Ensuring oscillations¶
It is useful to make a linear stability diagram, which is a map of parameter space highlighting stable and unstable regions. We know the bifurcation line is
\begin{align} \beta = \frac{n}{2}\left(\frac{n}{2} - 1\right)^{-\frac{n+1}{n}} \end{align}
We can plot this line and delineate the regions of stability and instability.

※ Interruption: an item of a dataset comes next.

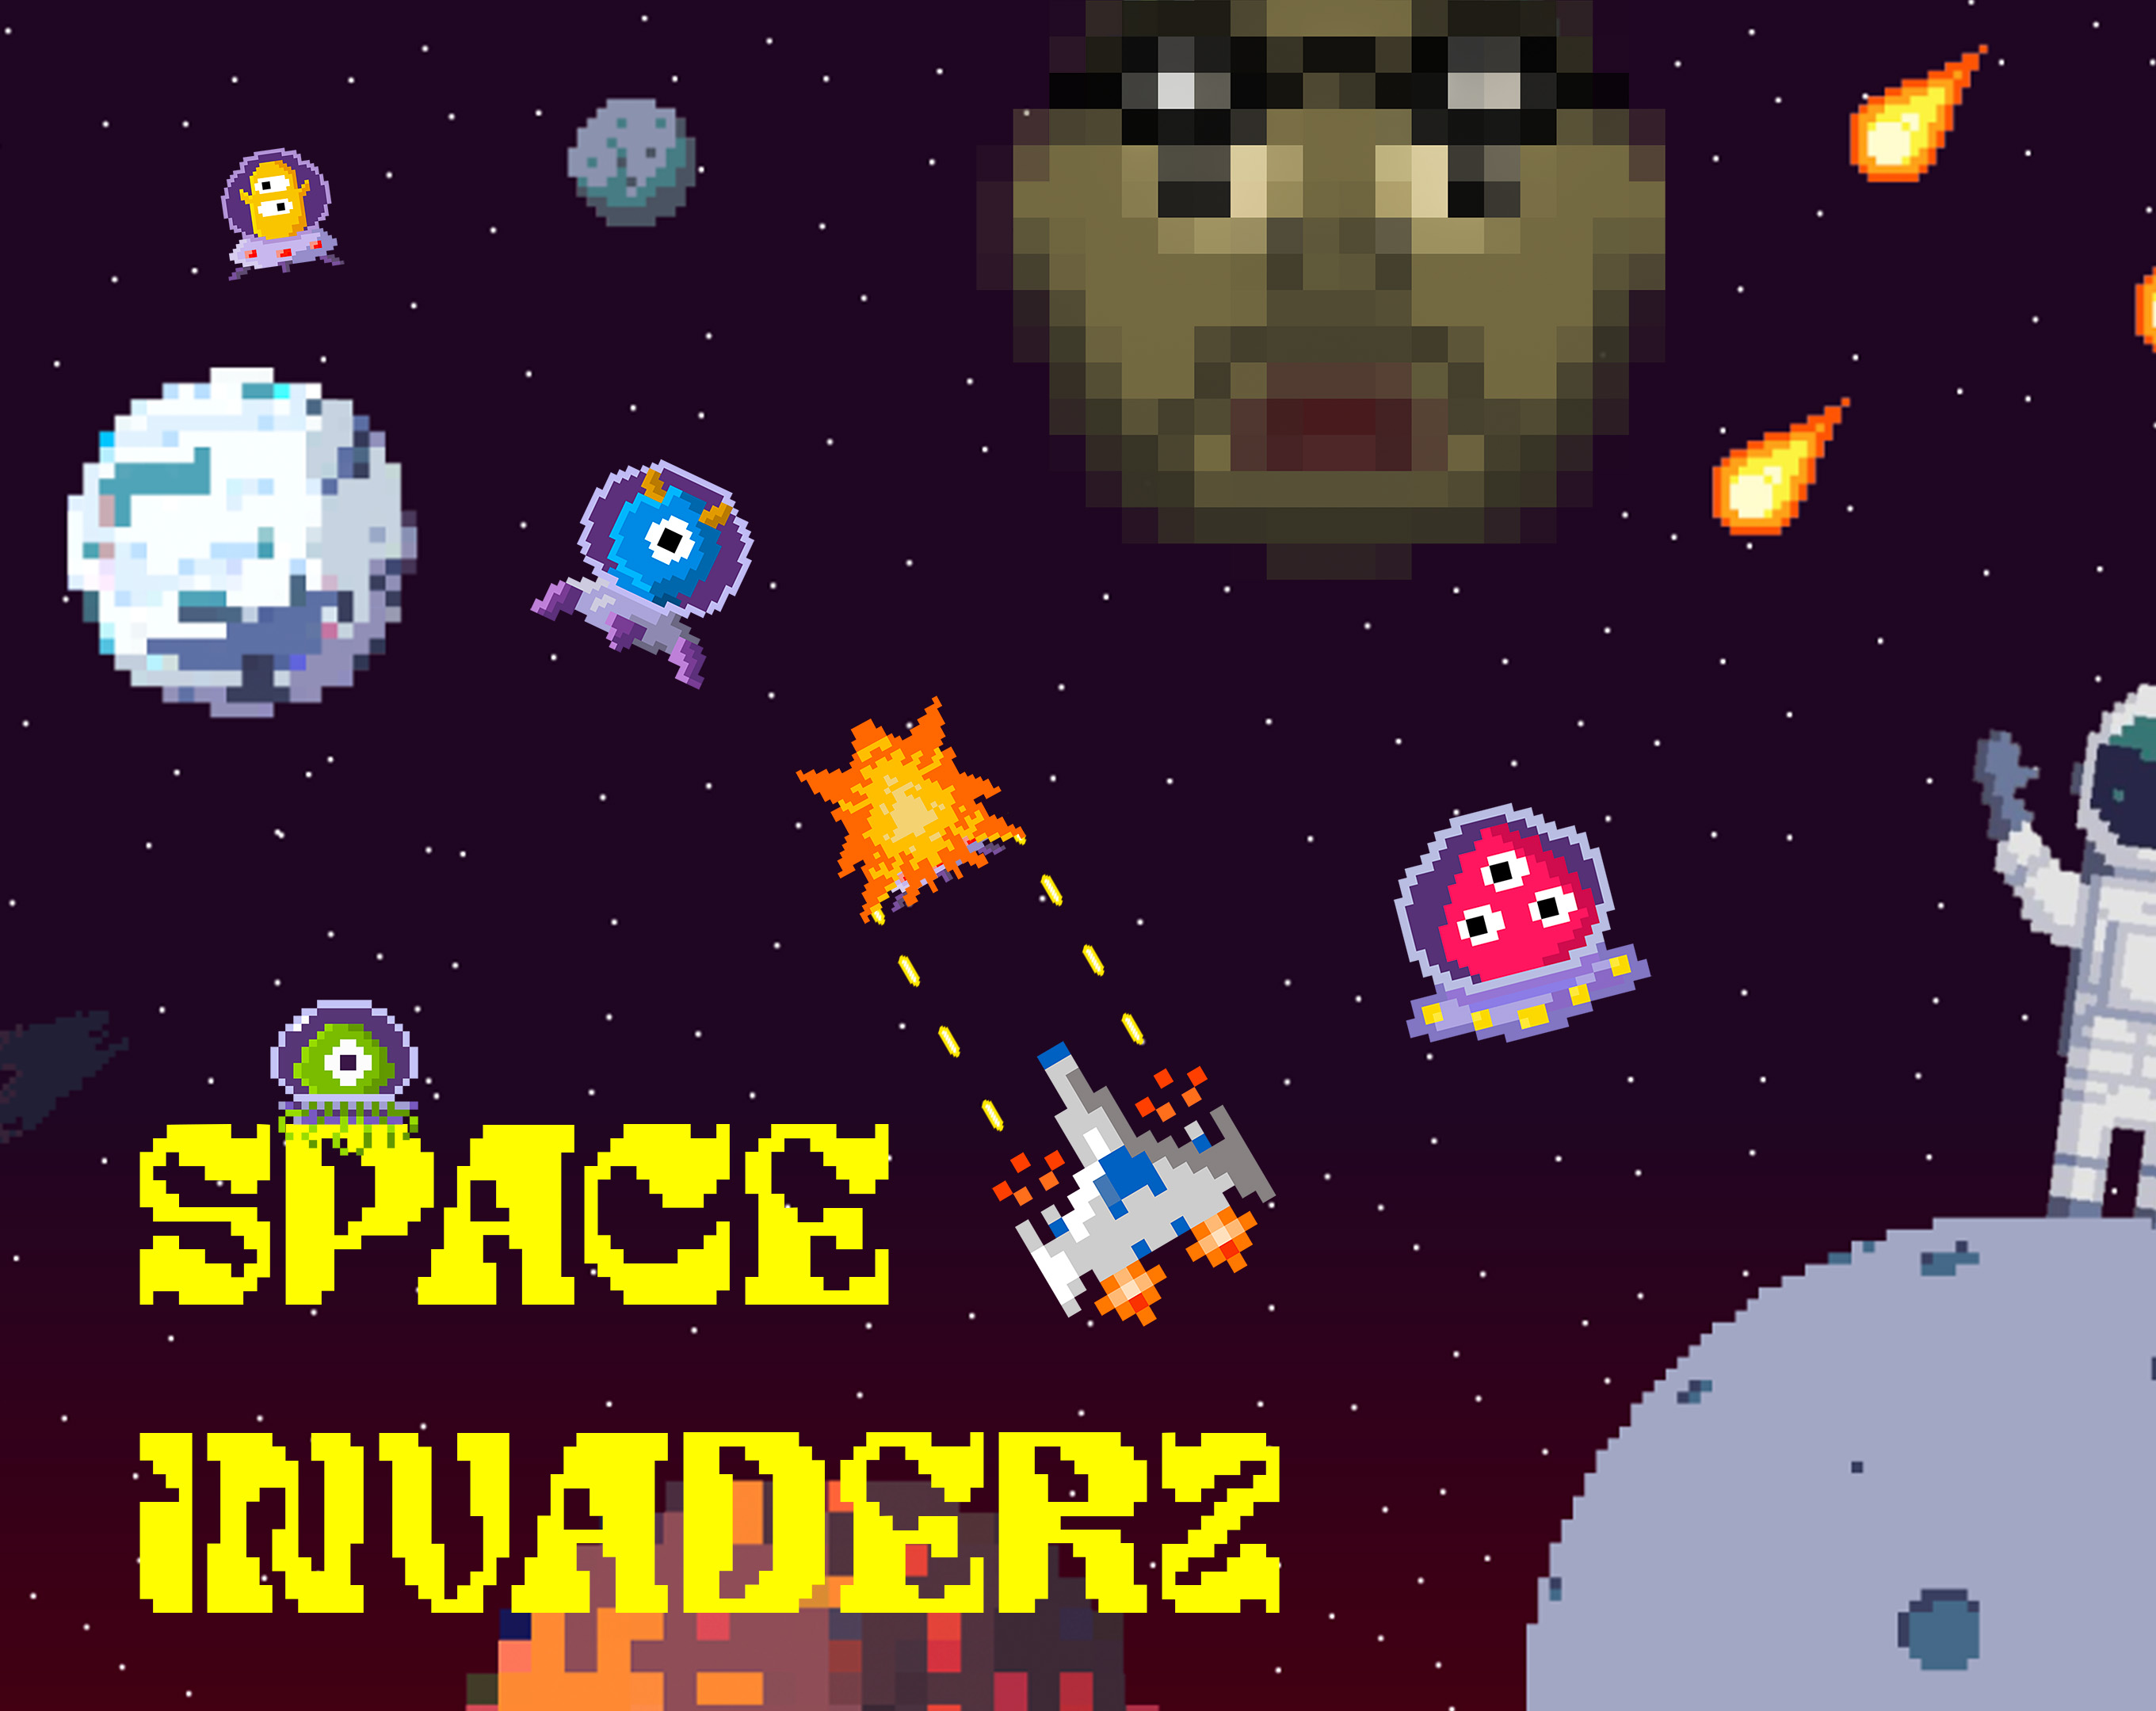 Space Invaderz

It clearly shows that, from a design point of view, it is desirable to make both \(n\) and \(\beta\) as high as possible.
[5]:
# Get bifurcation line
n = np.linspace(2.01, 5, 200)
beta = n / 2 * (n / 2 - 1) ** (-(1 + 1 / n))
# Build the plot
p = bokeh.plotting.figure(
height=300,
width=400,
x_axis_label="n",
y_axis_label="β",
y_axis_type="log",
x_range=[2, 5],
y_range=[1, 2000],
)
p.patch(
np.append(n, n[-1]), np.append(beta, beta[0]), color="lightgray", alpha=0.7
)
p.line(n, beta, line_width=4, color="black")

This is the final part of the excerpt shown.